Monday, May 13, 2019

Finding Your Worth

•Finding Your Worth•

I recently had an interaction with a stranger who asked me, “What do you do?” I know that phrase usually implies that you describe your job or how you spend your days. I felt like my full answer was complicated and too time consuming for the situation I was in, so I simply said that I was a stay-at-home mom. Now, don’t stop reading if you work outside the home or don’t have kids. This isn’t a discussion of work-from-home vs. work-outside-the-home. Aren’t we all a little tired of that discussion by now?

When I answered with that, I received a look of disgust, and the woman immediately walked away. For all I know, she could have instantly had a stomachache come over her and the need to flee to the bathroom, but I’m pretty sure that wasn’t the case. Her look and immediate departure translated to me that it wasn’t worth her time to talk to me. I wasn’t worth getting to know.

Don’t worry; I’m not about to have a pity party— quite the opposite.

There was a time where I defined myself by “what I did” and the career I had. I had a job I loved, and I loved talking about it. I found pride in it. I felt accomplished, fortunate, and talented. I later had my own business, and it gave me happiness and, again, pride.

Then I decided at 8 months pregnant to walk away from it and to be a stay-at-home mother. It’s another post for another day why I made that decision for our family (with no pressure but full support and a bit of surprise from my husband). Walking away from a career and a business meant I lost those things that had once defined me.

Now, I know mothers who are defined by their children. Their children are their lives.
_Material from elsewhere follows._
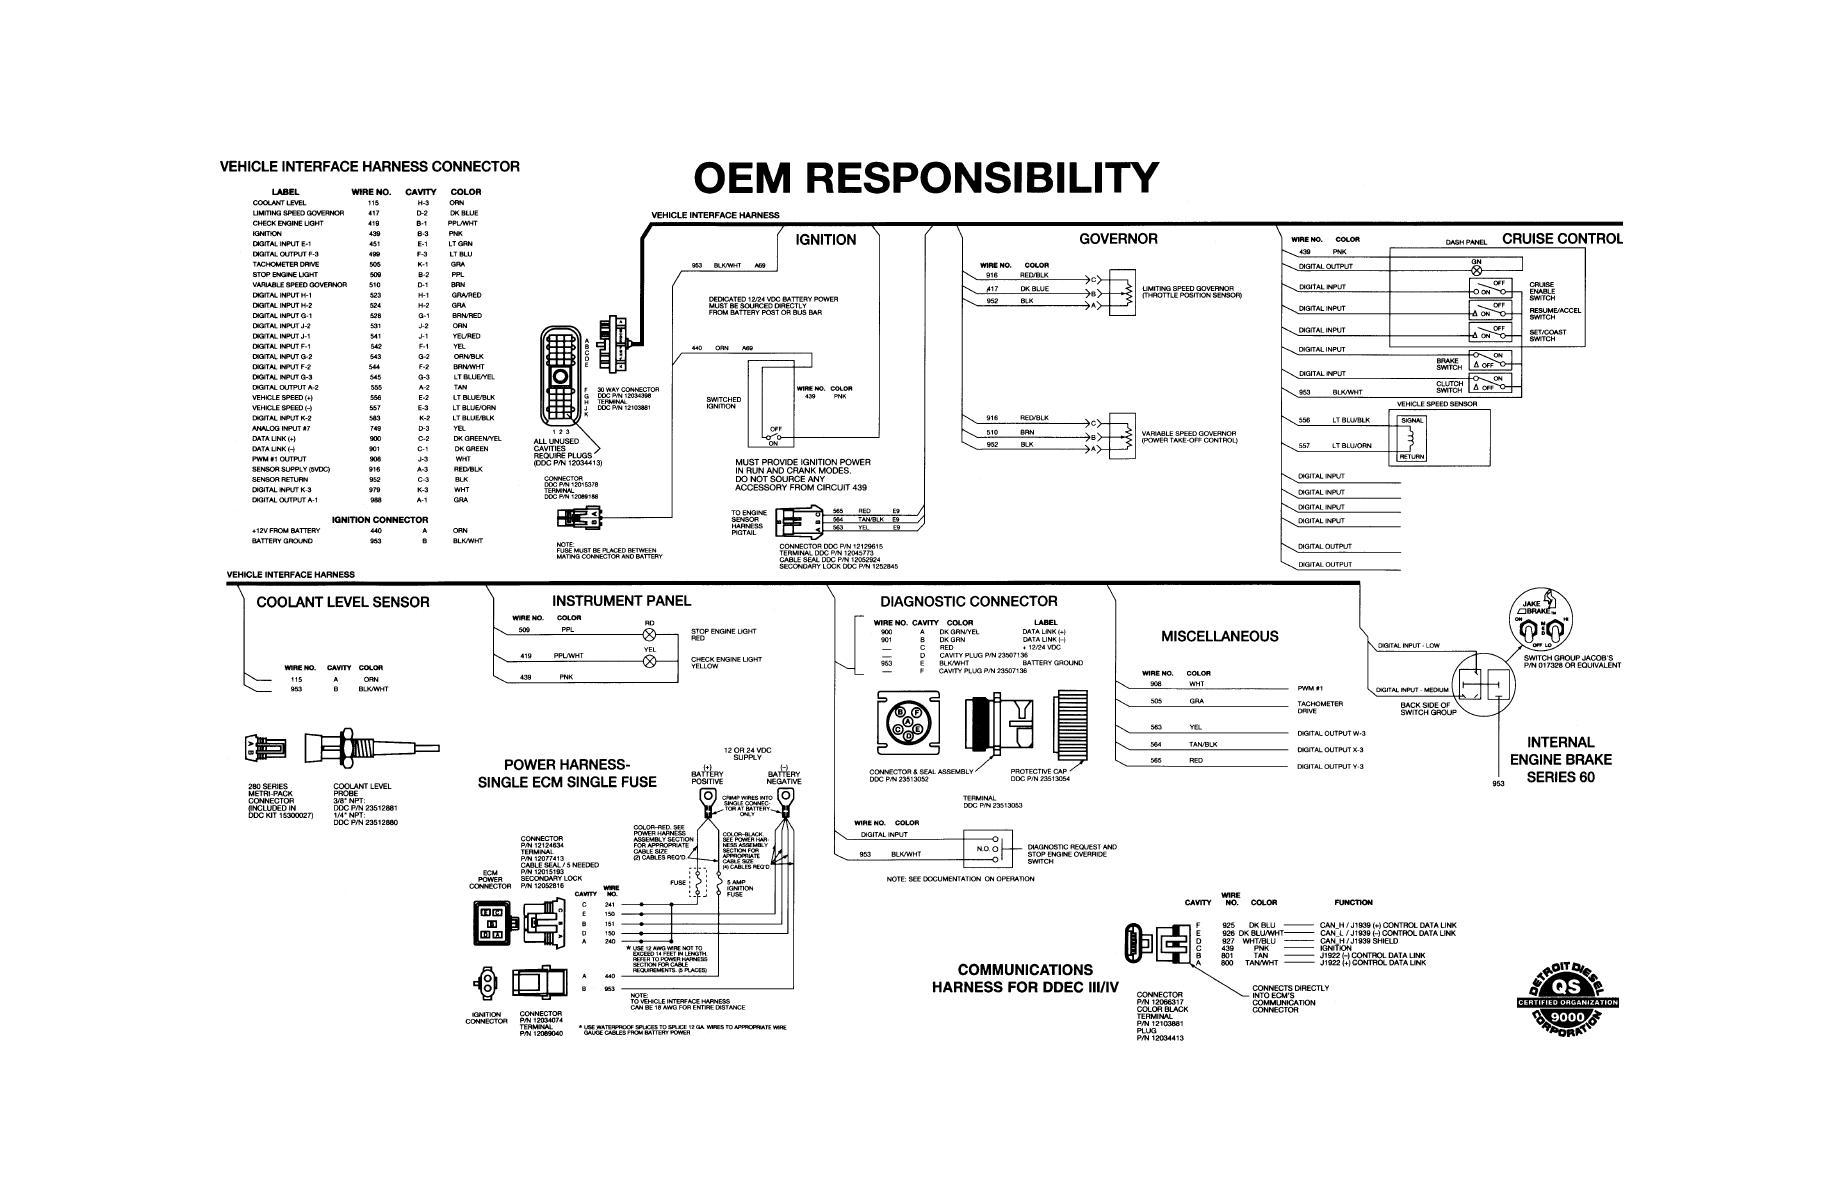 [DIAGRAM_4PO]  TC_5585] Wiring Diagram In Addition Detroit Diesel Series 60 Ecm Wiring  Diagram   Sel Detroit 60 Ecm Wiring Diagram      Ogeno Dome Mohammedshrine Librar Wiring 101

The children come before everything else, and the children are where they find their pride and identity and worth.

Here’s the thing: everything can be lost. You can lose a job. You can lose a career. The world changes. You can change. You can lose your passion and interests. You can lose physical and mental abilities. You can lose a child, and while a child is a life of worth, they are not where you find your worth. If you find your worth based on something that can be lost, then that means you’re holding on to something that is fleeting and, well, worthless.

I bring this up to encourage you not to look down on those who don’t have what you see as a valuable career. Don’t look down on the mother who stays home. Don’t look down on the mother who works outside the home. Don’t look down on the person who doesn’t have children. Most importantly, find your worth in something that isn’t fleeting, something that can’t be lost. I find my worth in knowing I’m a child of God. I will never lose Him, because He is constant and is holding on to me. He will never let go of me, even when everything else in this world would drop me in an instant. My worth is found in Jesus and in who He is. I know all too well that you can lose your physical abilities and you can walk away from jobs and careers and businesses. And though I pray it never happens, I know you can lose a child. But through all that, I cannot lose my worth in Christ. What a relief! Now, maybe that’s how I should have answered that woman’s question.